Sanghani Center Student Spotlight: Wenjia Song
Cyberattacks have led to substantial losses for both businesses and individual users in recent years raising an urgent need to strengthen protection against such threats,” said Wenjia Song, a Ph.D. student in computer science who is working to address the problem.
“My research focuses on machine learning application and methodology development for improving accuracy on crucial detection problems, including medical predictions and threat detection in cybersecurity, through quantitative experiments,” she said.
Song’s current project is aimed at cyber threat detection.
“Real-world examples of such attacks include the Colonial Pipeline ransomware attack and the SolarWinds hack,” she said. “We try to detect malicious attack behaviors at an early stage in order to minimize the damage they may cause.”
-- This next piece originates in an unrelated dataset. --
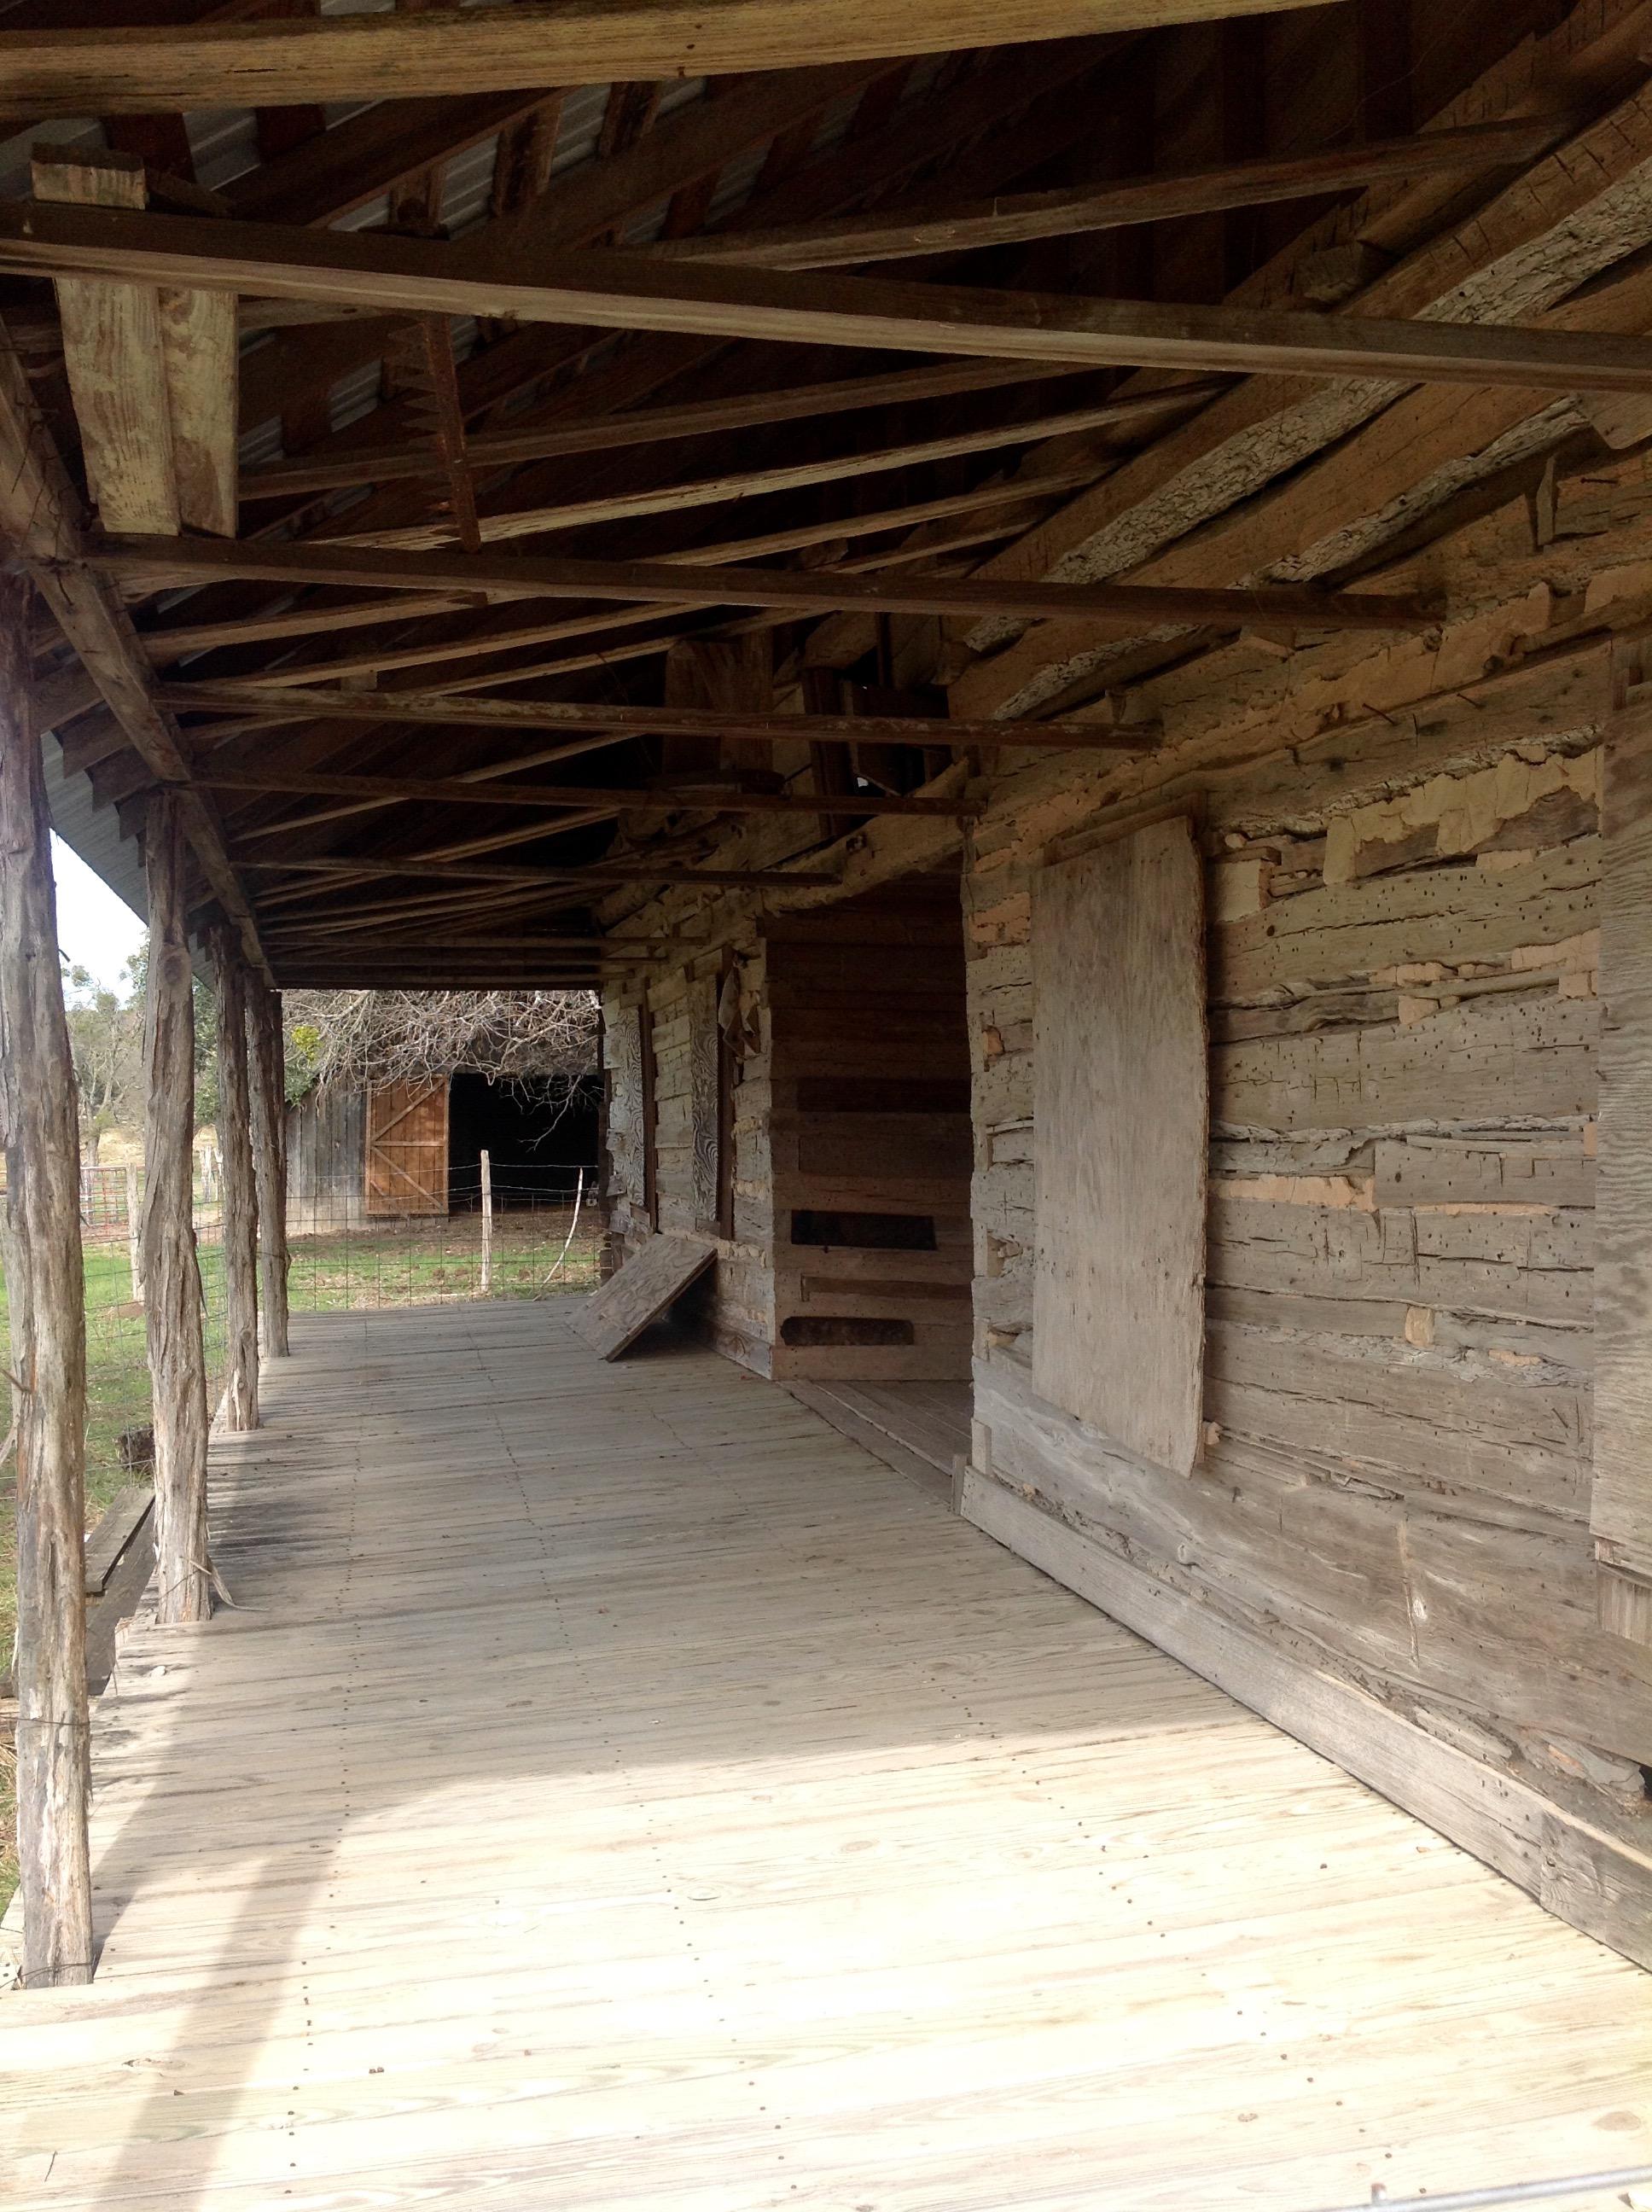 Texas Hill Country Log Cabin. Esat Texas Log Cabin. Texas Farms and Ranches. Texas Ranch Log Home Design. Farm and Ranch Home Design. Farm and Ranch Home Style. Farm and Ranch Home Architecture. Rustic Log Cabin Texas, Colorado, Oklahoma Architect Architecture Firm

Prior to entering the doctoral program, Song earned two bachelor of science degrees – in computer science and in mathematics — from Virginia Tech.
“As a Ph.D. student, I was attracted to the Sanghani Center because of its reputation for diverse and impactful research,” she said. “I really like being part of a thriving academic community where I receive significant encouragement and support from both professors and my peers.”
Song is advised by Danfeng (Daphne) Yao.
Among her published papers are: “Subpopulation-specific Machine Learning Prognosis for Underrepresented Patients with Double Prioritized Bias Correction,” in Communications Medicine in 2022; and “Specializing Neural Networks for Cryptographic Code Completion Applications,” in IEEE Transactions on Software Engineering in 2023.
Song also presented her work on measurement of ransomware behaviors and evaluation of defenses at both the Commonwealth Cyber Initiative (CCI)/Virginia Tech Transportation Institute (VTTI) Tech Showcase in 2022 and at the CCI Symposium in 2023.
In 2022, she presented the poster “APT Detection through Sensitive File Access Monitoring” at the Network and Distributed System Security (NDSS) Symposium and the poster “Behavioral Characterization of Crypto-Ransomware and Evaluation of Defenses” at the IEEE Secure Development Conference.
She also gave a lightning talk, “Crypto-ransomware Detection through Quantitative API-based Behavioral Profiling,” at USENIX Security 2023.
Projected to graduate in May 2024, Song said she would like to continue her research in an industry position.